To a Connected Life

You might not be able to afford a weekend at Miraval, but a book by their staff is a cheaper alternative

According to Tejpal (one name only), a healing practitioner at Tucson's Miraval Resort and Spa, every human being comes into the world endowed with a unique purpose. Sadly, she laments, only a small percentage of us are actually in touch with our calling. And that, she says, can lead to a lot of dissatisfaction.

"Until we find and connect with our deeper mission," she declares, "our lives might work on some levels, but we won't be completely fulfilled."

Tejpal speaks from experience. As a child, she felt a strong spiritual pull. But influenced by her family's emphasis on materialistic attainment, she ended up getting an MBA and going to work in the corporate world.

Prospering on the outside, she quickly became the head of the consulting team of a major corporation. Inside, however, it was another story. By the time she reached her mid-30s, she felt as if she were mired in quicksand.

Impelled by a deep desire to find herself, Tejpal quit her job, started an executive coaching business, spent three years caddying on the LPGA tour and, at 41, began taking classes at a school for the healing arts. It was there that she discovered her gift of spiritual healing. Now a much happier person, she devotes herself to helping people find their own distinctive gifts.

Tejpal's inspiring story is featured in Mindful Living, Miraval's recently released guide to cultivating a healthy, meaningful life. A wise and generously compassionate book, gleaned from the experiences of numerous Miraval associates, it details a holistic approach to wellness that focuses on the importance of living authentically.

From Miraval's point of view, genuine wellness entails more than simply being free from disease. It's actually a peak state in which we feel totally alive. According to Jim Nicolai, director of Miraval's integrative wellness program, achieving that heightened level of well-being is less about warding off illness than it is about doing the kind of things that invigorate us.

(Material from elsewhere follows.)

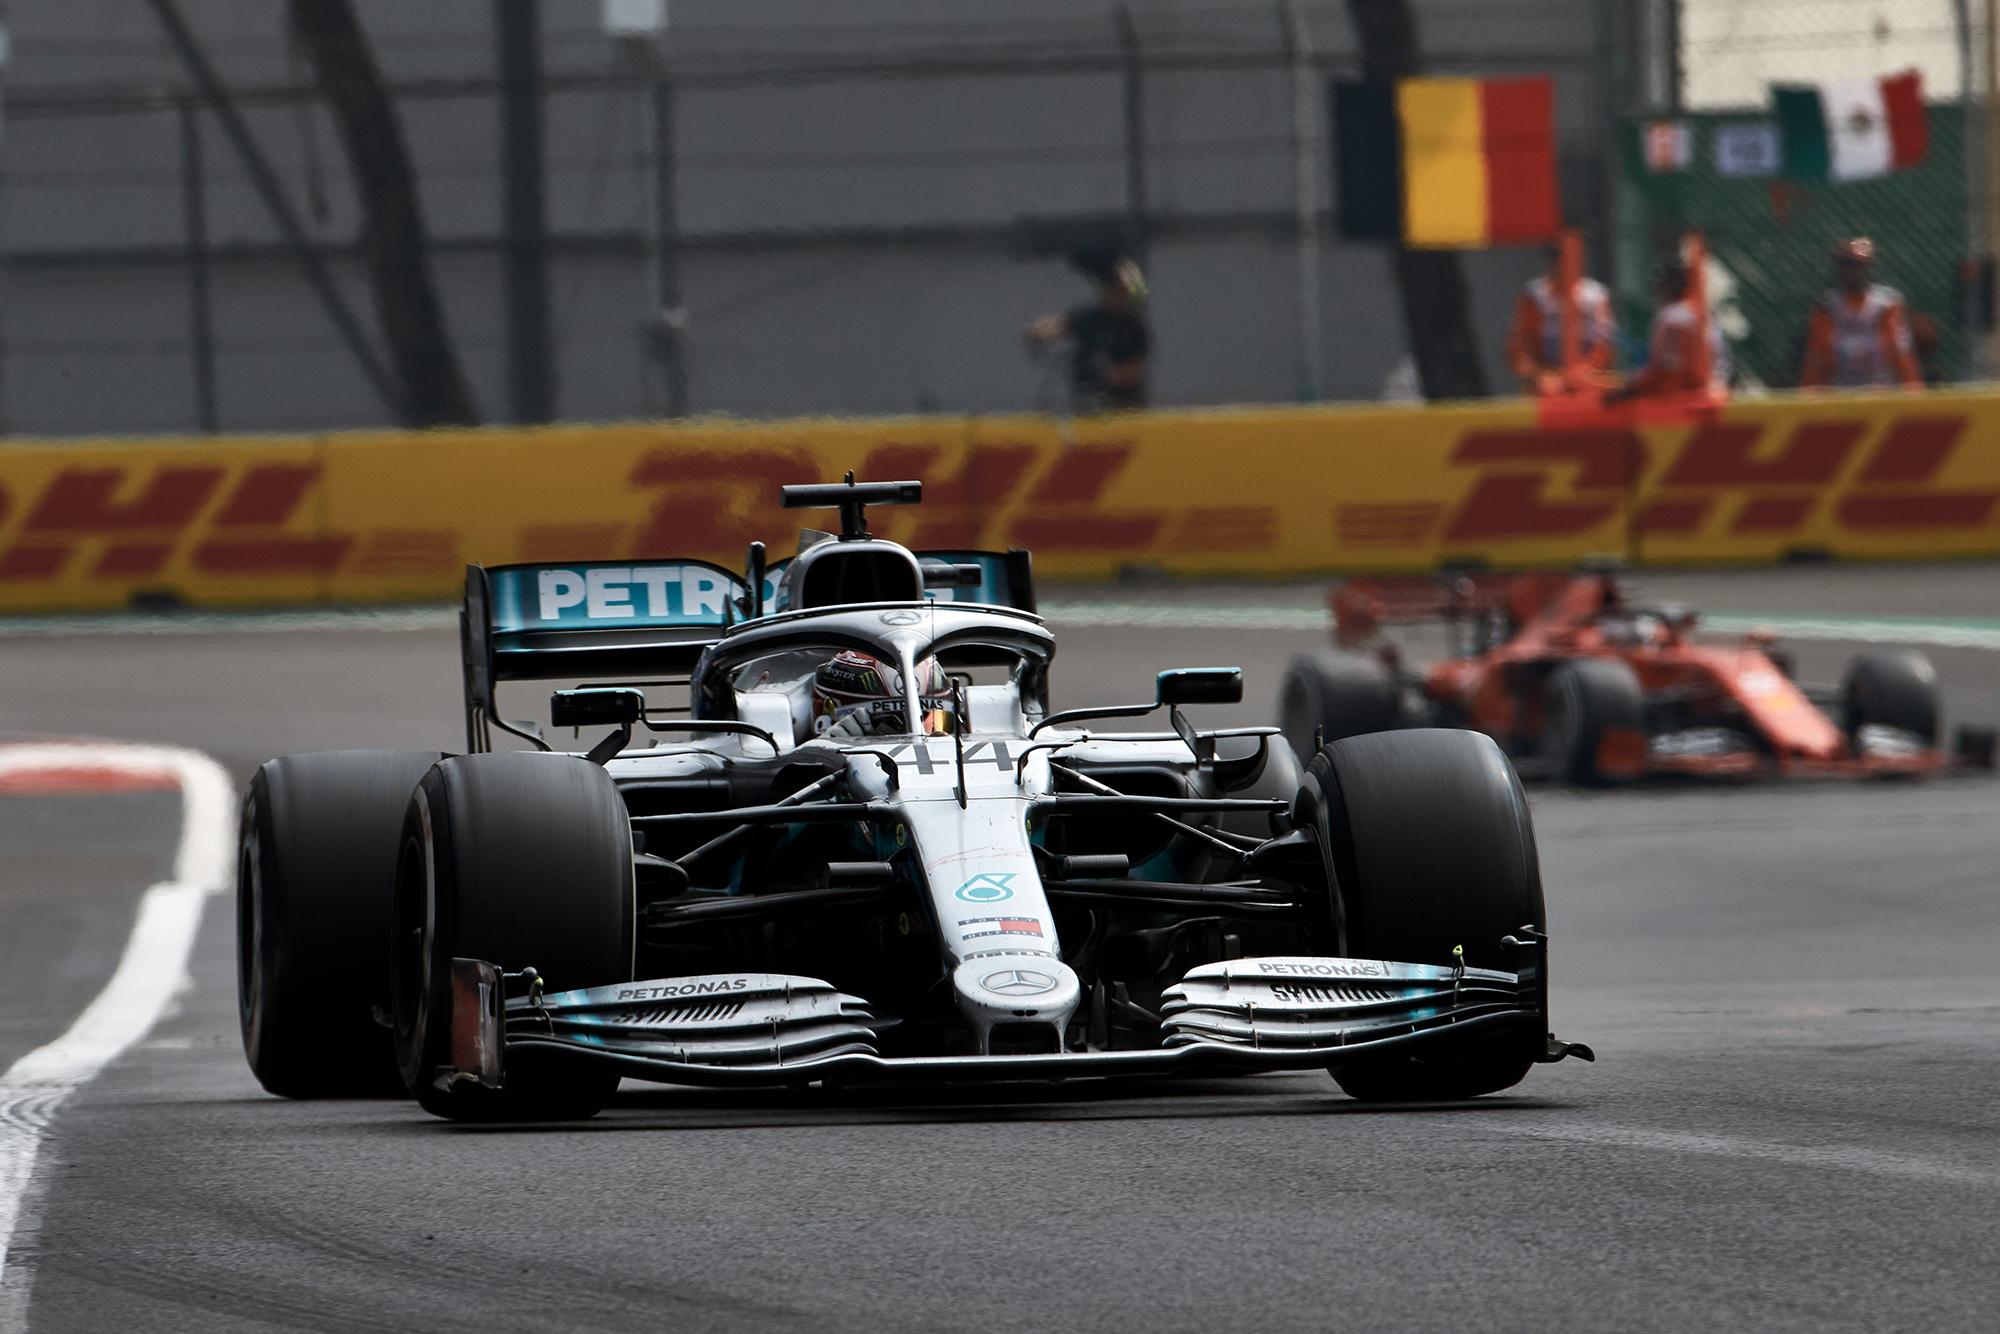 Sebastian Vettel behind Lewis Hamilton at the 2019 F1 Mexican Grand Prix

"If you turn your attention," he says, "to realizing what foods, activities and situations make you feel great, you can make a conscious decision to bring more of them into your life. In the long run, it's more effective to nurture what's good than to try and defeat what's bad."

To this end, the book contains chapters on exercise, meditation and nutrition along with numerous heart-healthy recipes and revitalizing skin care procedures. These sections alone make the book a worthwhile read, but its main strength lies in the myriad insights it offers into the challenging but transformative process of self-realization.

Equine therapist Wyatt Webb tells us that one of the major blocks to self-discovery is the faulty belief systems we often have about ourselves. Living in a culture, he says, that values "what you do over who you are" prompts many people to conclude that who they are is "not worth much." Webb speaks passionately about the need to recognize our intrinsic value.

"As a culture," he declares, "we're trained to ignore the most important relationship we'll ever have, the one we have with ourselves. ... (This) keeps us from accessing our inner wisdom and learning anything about ourselves. ... If we hide our true feelings and invent a different version of ourselves, one who we think others will approve of, we are in fact committing spiritual suicide. Our original self is the best we have to offer to our world."

Anne Parker, a longtime wellness counselor, contends that many of us, usually starting in adolescence, get dragged away from our core selves by the roles and expectations we take on and by our desire to fit in. Fortunately, she says, our "true center never goes away," and we can begin reconnecting with it by simply being mindful of what brings us joy.

"We often don't take time," she tells us, "to notice the little things we really enjoy or that feel most congruent with our values and sense of self. It's those small moments of awareness that lead to those 'Aha' insights that tell us who we really are."

Tejpal believes that intuition, the "language of the soul," can open the door to our life's authentic purpose. However, she says, because what intuition points us towards often doesn't compute with our rational minds, we tend to get stuck on how we're going to get there.

"Guidance from our heart and emotional centers," Tejpal tells us, "comes to us like a different language, one we don't completely understand yet. I say follow it anyway, and don't worry about having every step of the journey planned out. Be brave. Start where you are. Just because you don't know how you're going to do something, it doesn't mean it's not a good idea."